The E-2 nonimmigrant classification allows a national of a treaty country to be admitted to the United States when investing a substantial amount of capital in a U.S. business. See US Department of State's list of Treaty Countries for a current list of countries with which the United States maintains a treaty of commerce and navigation. This visa must generally be renewed every two years, but there is no limit to how many times one can renew. The investment must be "substantial." For new startups, the investment must be large enough to start and operate the business. The investment will not be considered substantial if it is not large enough to capitalize the venture. E-2 visas are also available to non-investor employees of the business, as long as the persons are of the same nationality as the investor and are destined for a role in the US business that is either executive/supervisory or requires specialized skills that are essential to the efficient operation of the US enterprise.

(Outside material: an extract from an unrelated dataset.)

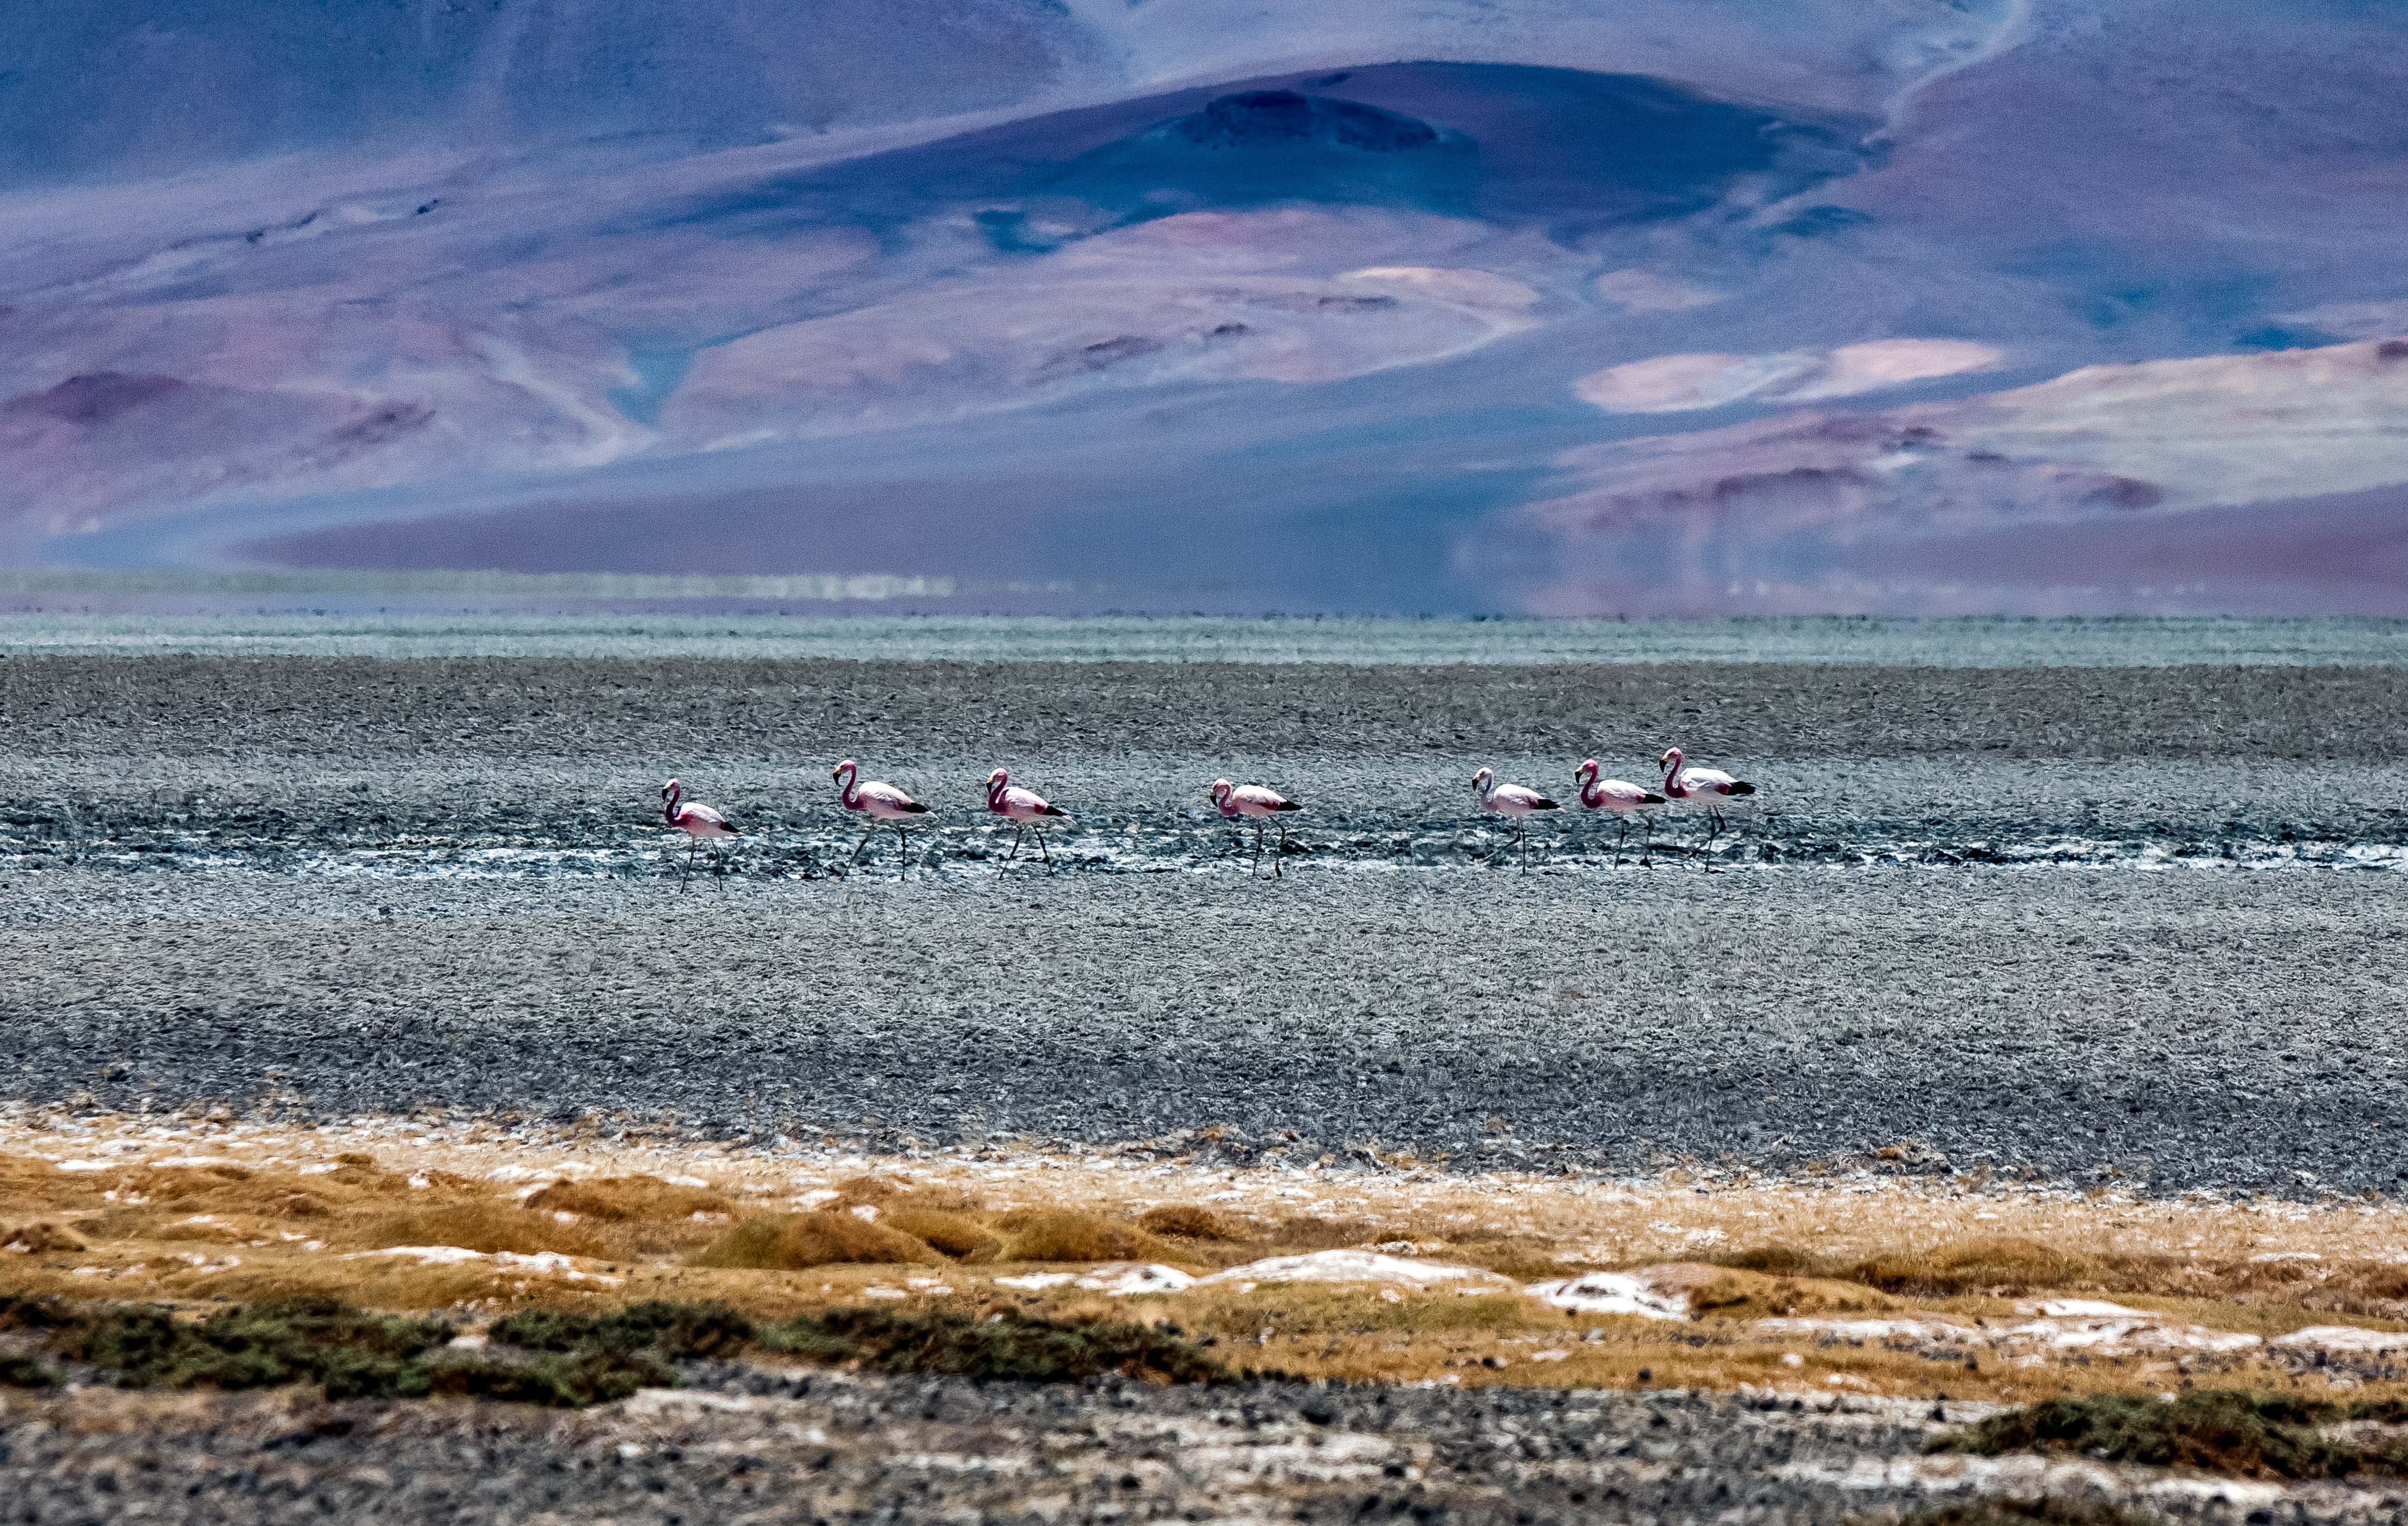 Chile, Antofagasta Prov, Flamingos Landscape, 2010, IMG 4140
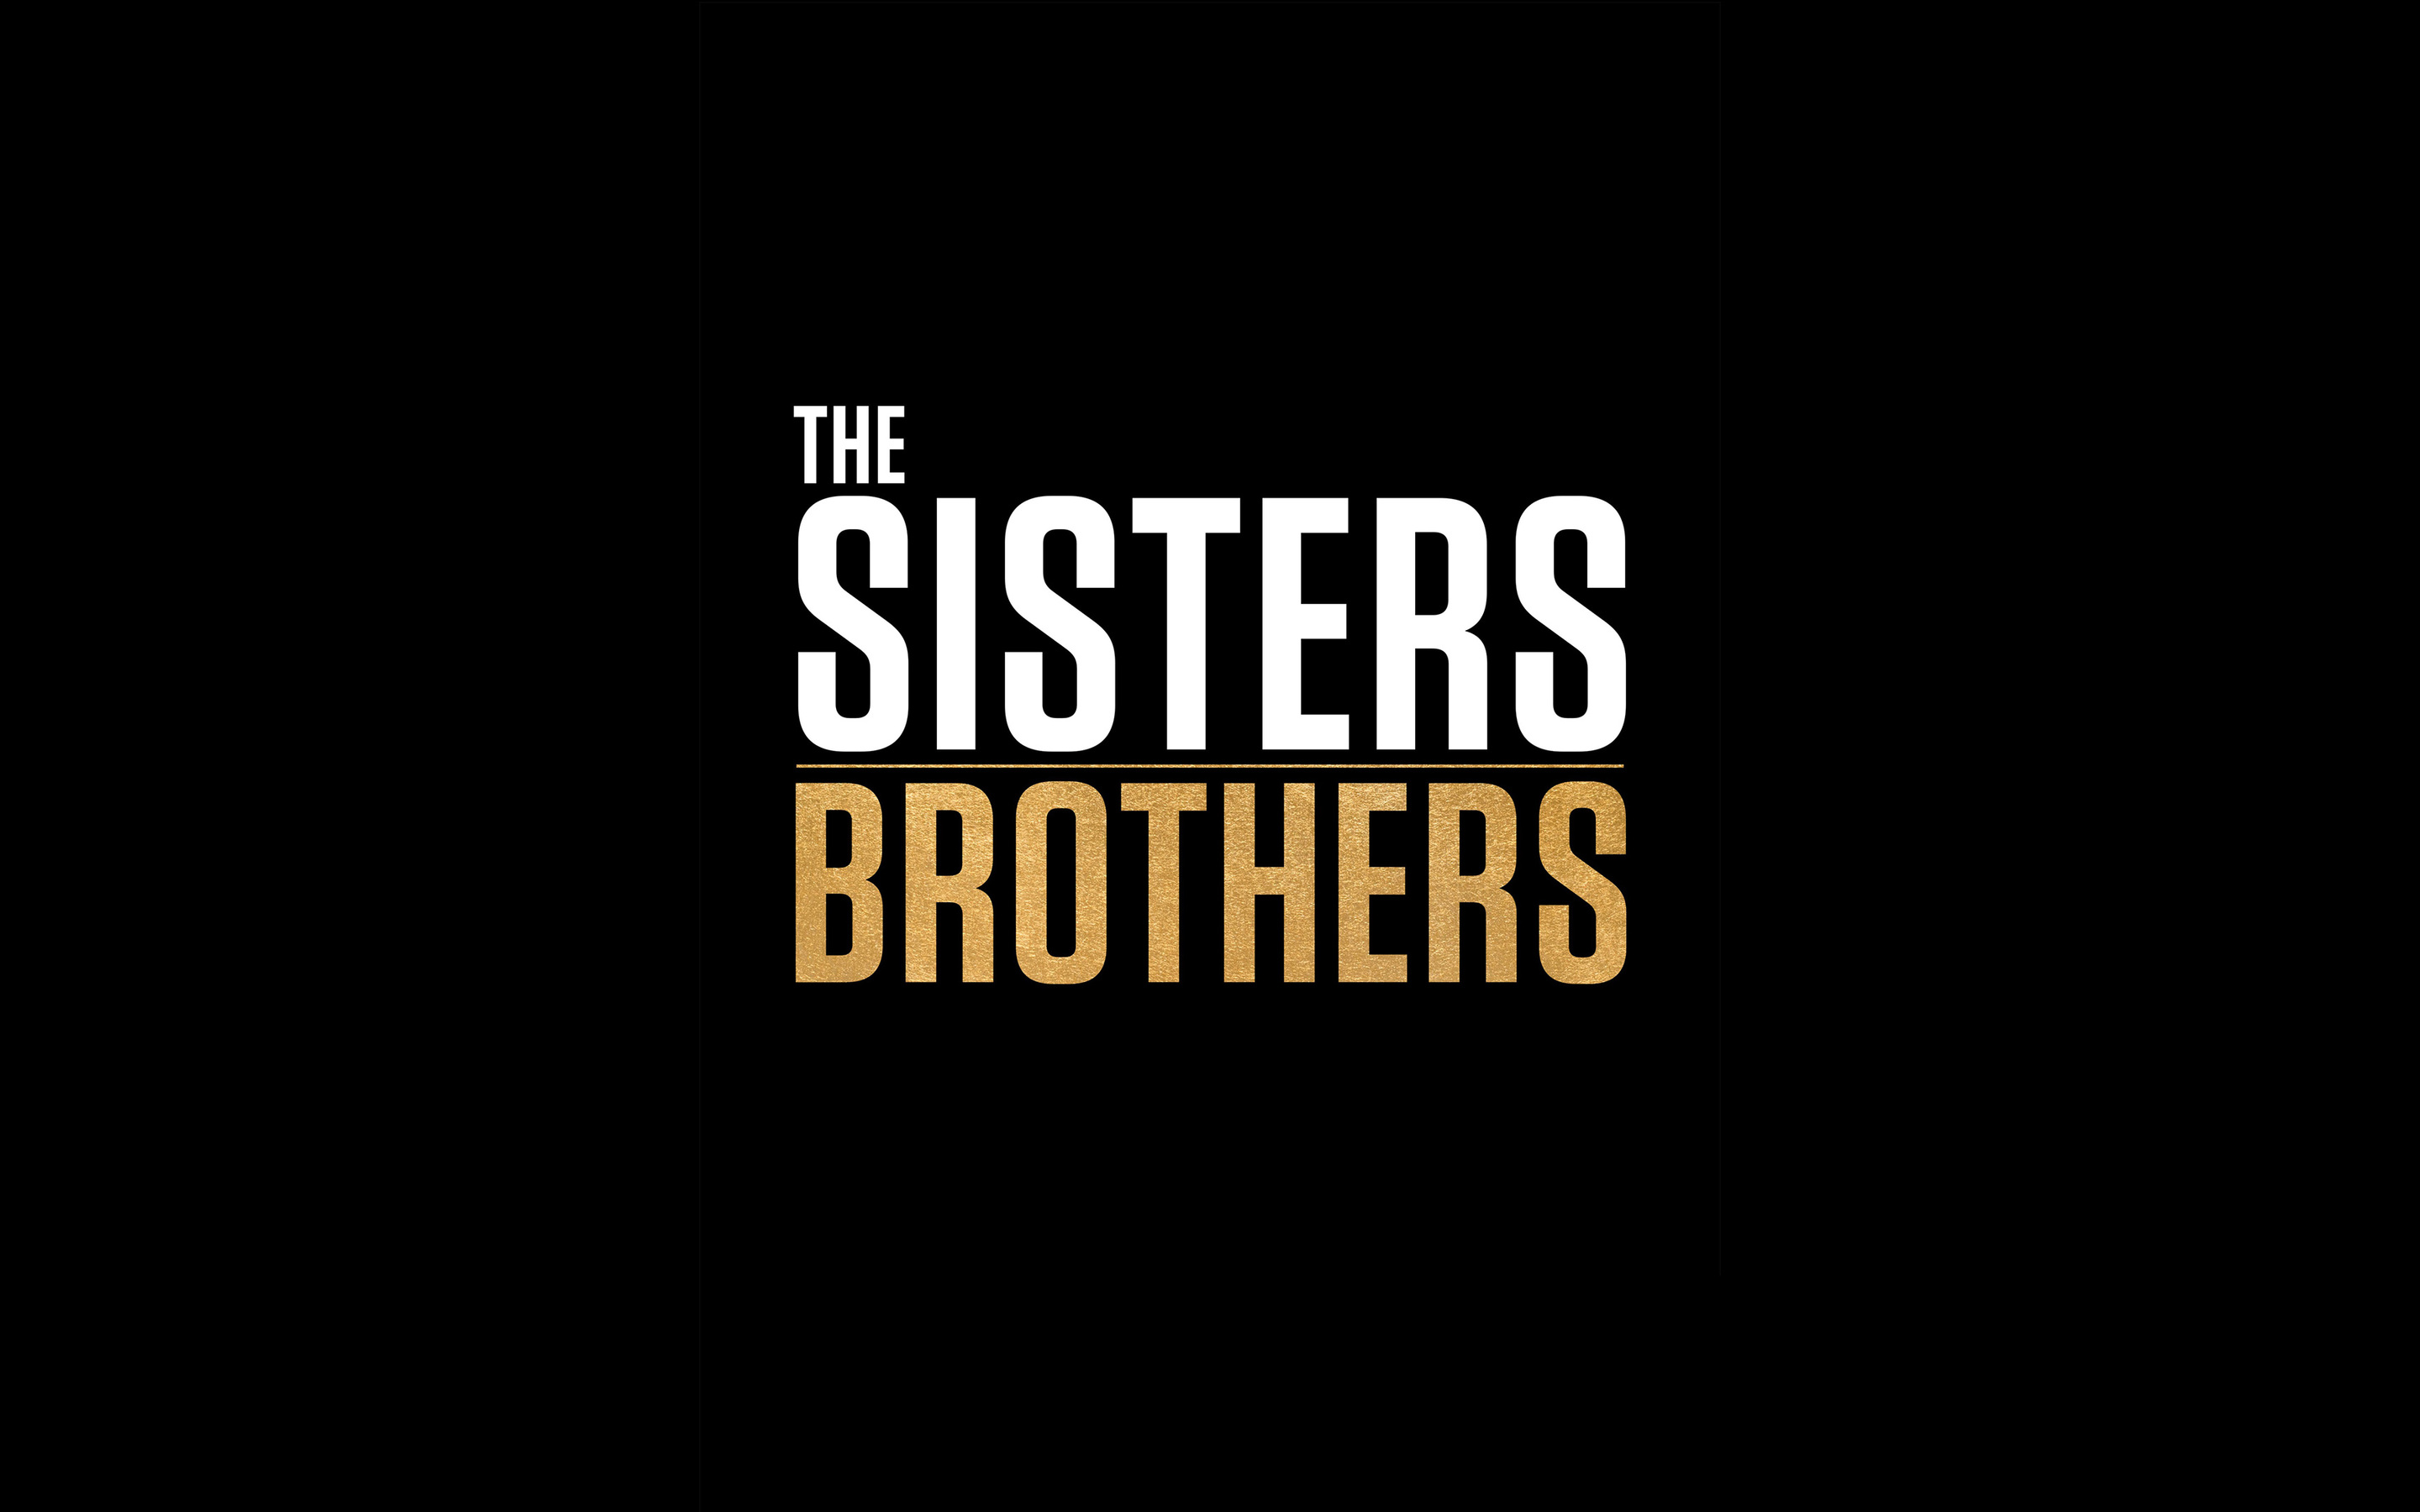 Have you got brothers or sisters. Братья Систерс 2018 Blu-ray 1c интерес. Брат обои.

E-3 Visa for Australian Citizens:
Australian citizens can apply for E-3 visa which would allow them to live and work in the United States. To qualify for an E-3 visa, the Applicant must demonstrate the following:
- Citizenship of Australia;
- Legitimate offer of employment in the United States in a position that qualifies as a specialty occupation;
- Necessary academic or other qualifying credentials; and,
- Certified Labor Condition Application (LCA).